Advocates of solar power were given additional reasons to be bullish about the industry's long-term prospects this past week after two large retailers -- Tiffany & Co (NYSE:TIF) and Kohl's Corp (NYSE:KSS) -- announced plans to install major solar power projects.

Of the two, Kohl's is the more significant deal. According to company officials, the giant retailer will immediately convert 24 of its 80 stores in California beginning in May, and within a year it plans to convert more than 75% of its department stores in the state. When completed, the solar installations, which will be set up and serviced by SunEdison, could generate close to 30 megawatts of power.

Tiffany's project will deploy 1.3 megawatts of solar power (the equivalent of powering about 1,300 homes) at two of the company's distribution centers. When operational, the solar arrays, which will be supplied by SunPower (NASDAQ:SPWR), will contribute an estimated 30% of the distribution centers' electrical load at peak demand times.

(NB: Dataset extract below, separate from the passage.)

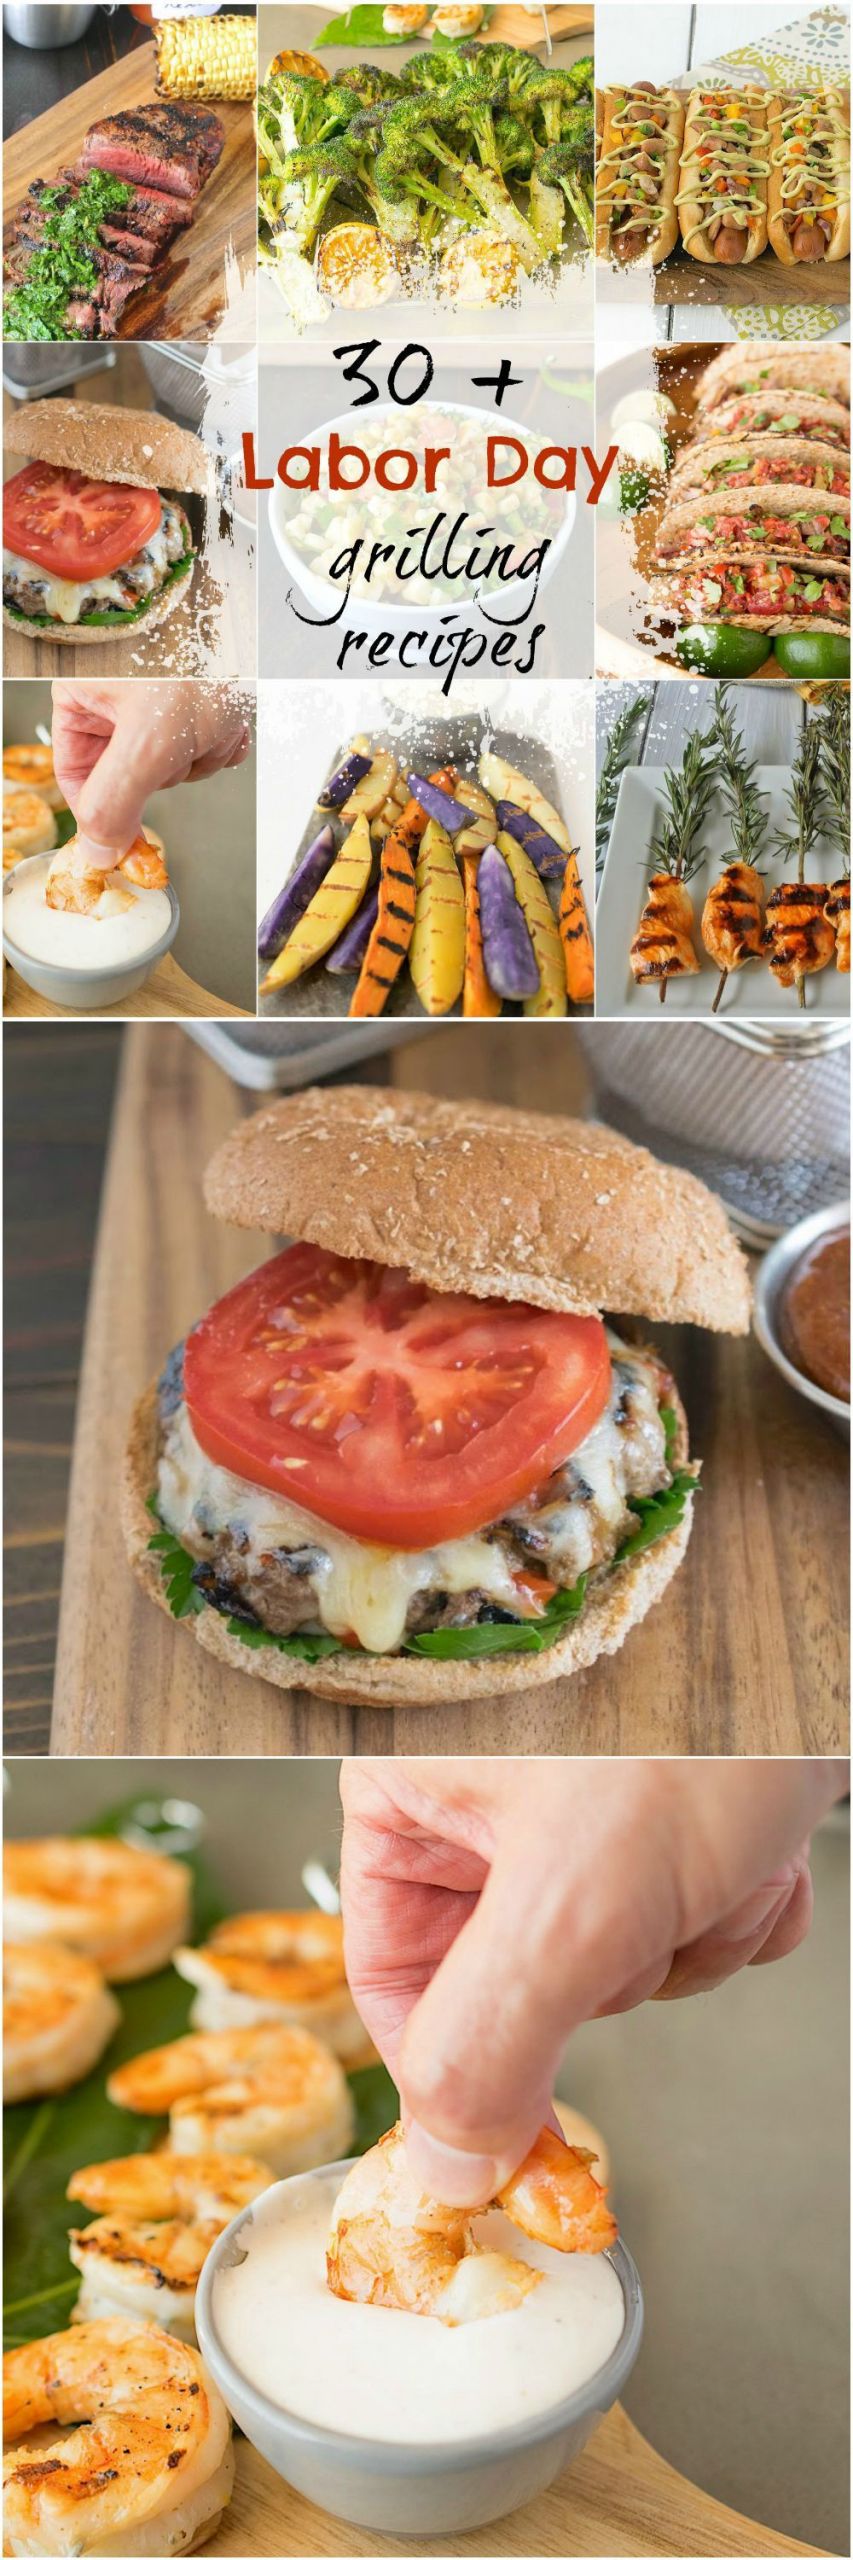 Labor Day Dinner Ideas
 30 Labor Day grilling recipes to help you with your

In both instances, the companies will need time to recover their upfront investments. Therefore, I wouldn't encourage investors of Kohl's or Tiffany's to get too excited about the news from an immediate investment perspective. For investors interested in solar, though, the fact that such large retailers have now joined the likes of Google (NASDAQ:GOOG), Microsoft (NASDAQ:MSFT) and Applied Materials (NASDAQ:AMAT) in installing large amounts of solar power is welcome news because it strongly suggests that businesses are no longer turning to solar power just to improve their environmental image -- they are doing it because it makes economic sense.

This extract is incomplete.